- [About this exercise]:
Once you find the line with "General 1920x1080 Russia", transcribe it and all the lines that follow to the end of the data, exactly as written; skip any pictures.

- [Data block]:
= Beginning of Section =

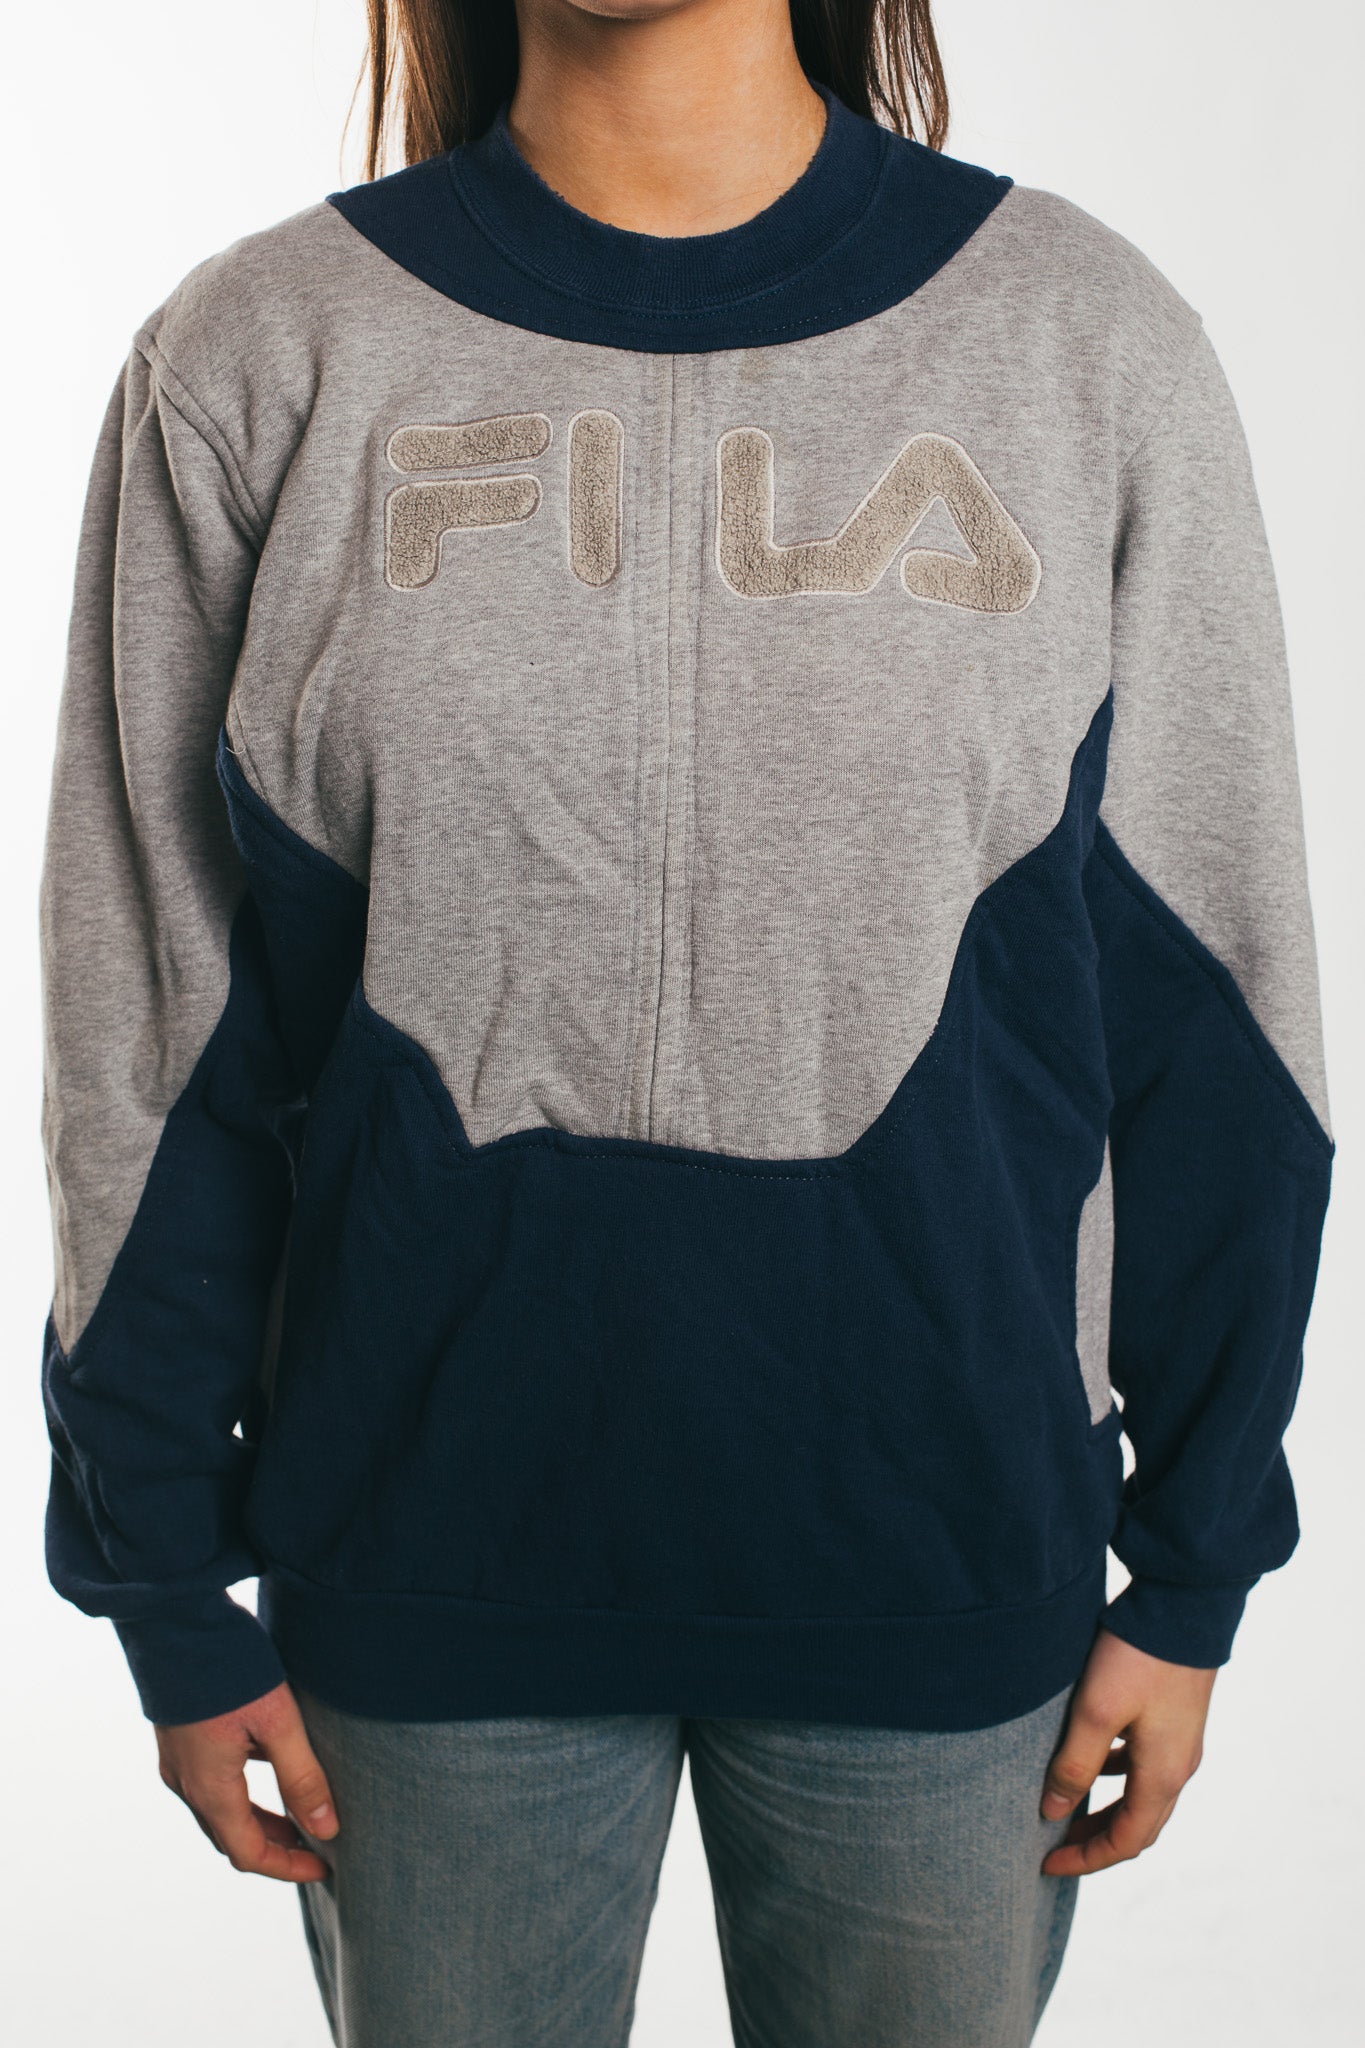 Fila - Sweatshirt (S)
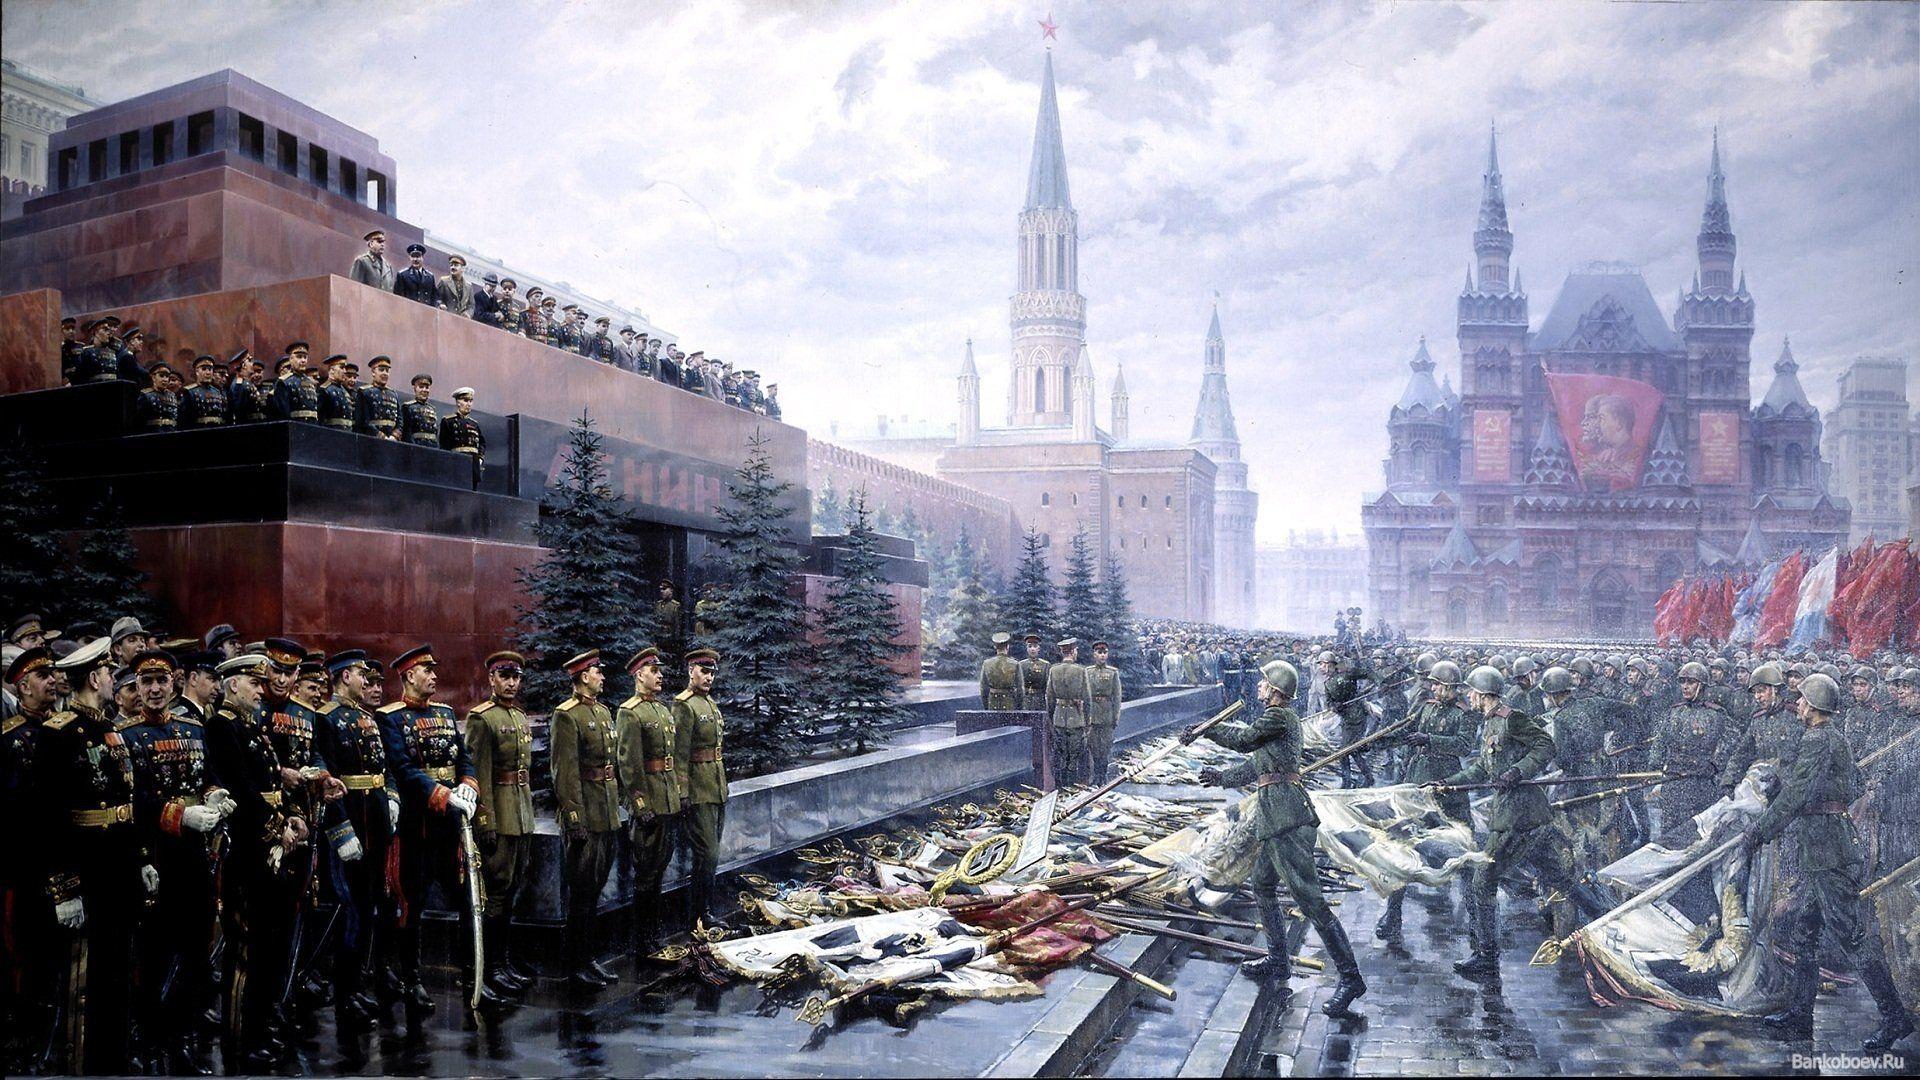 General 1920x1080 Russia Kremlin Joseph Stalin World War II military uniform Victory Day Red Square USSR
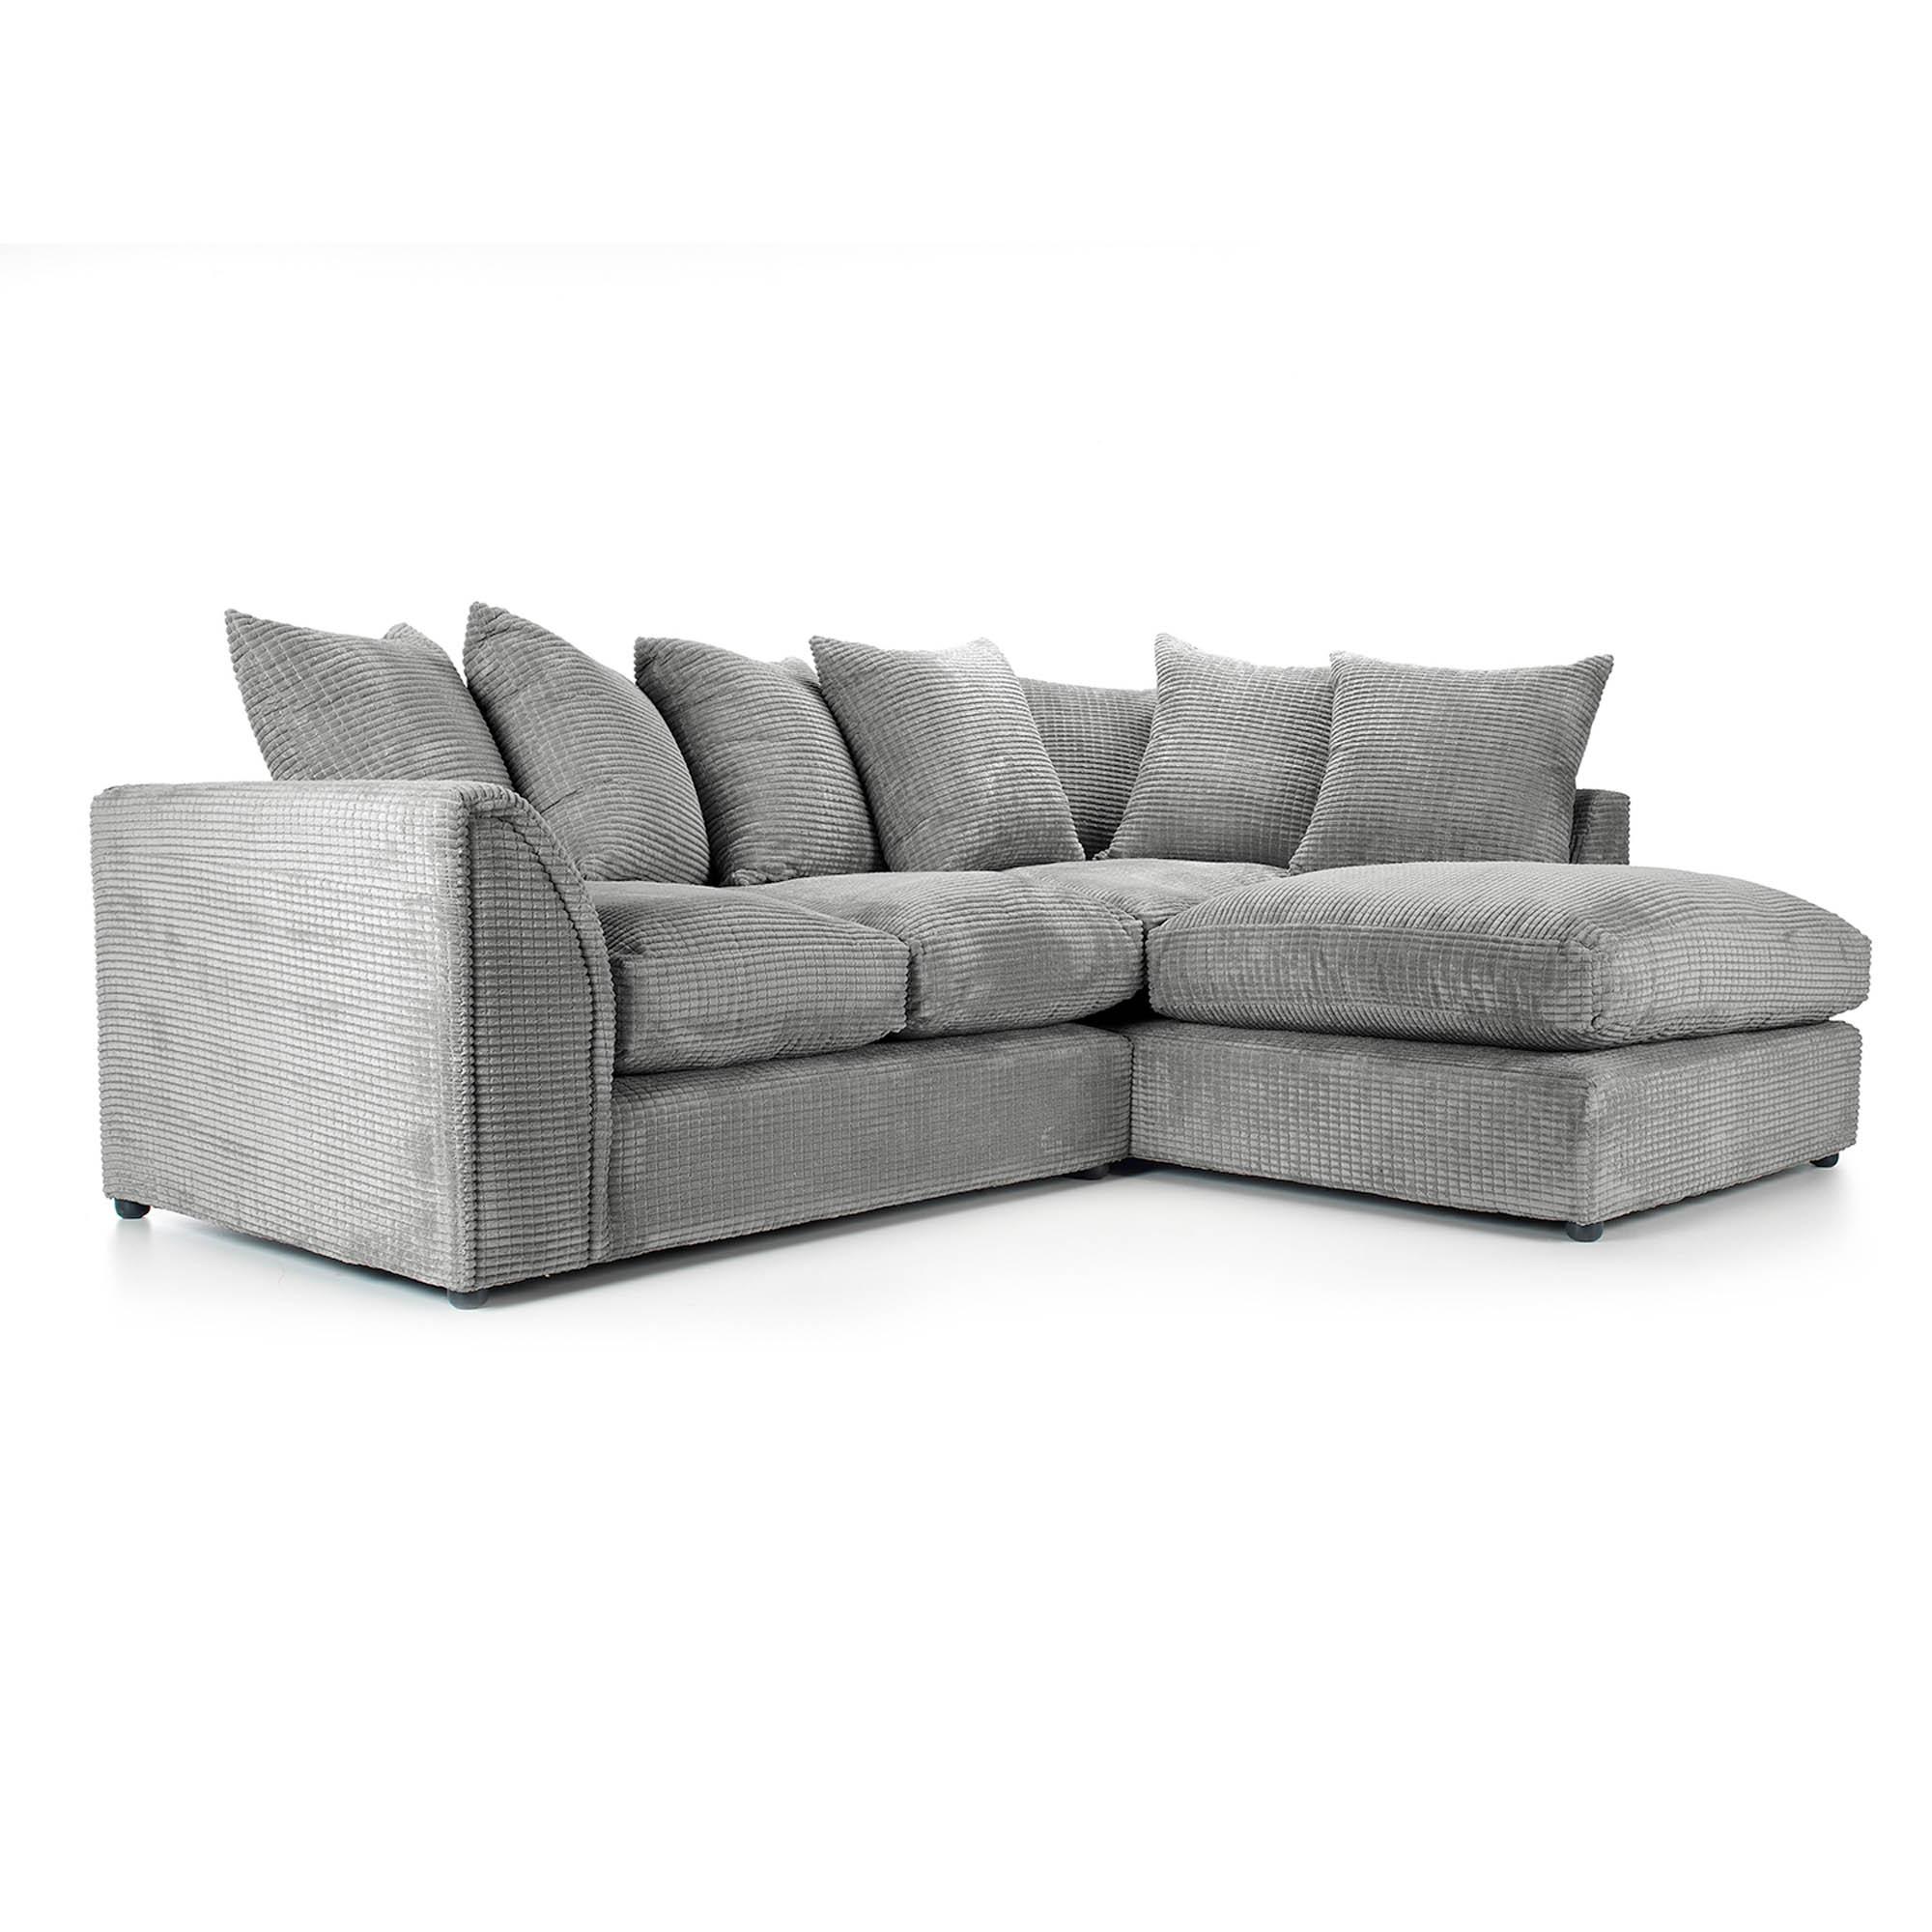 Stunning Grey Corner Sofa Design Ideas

= End of Section =

- [Exercise answer]:
 General 1920x1080 Russia Kremlin Joseph Stalin World War II military uniform Victory Day Red Square USSR
 Stunning Grey Corner Sofa Design Ideas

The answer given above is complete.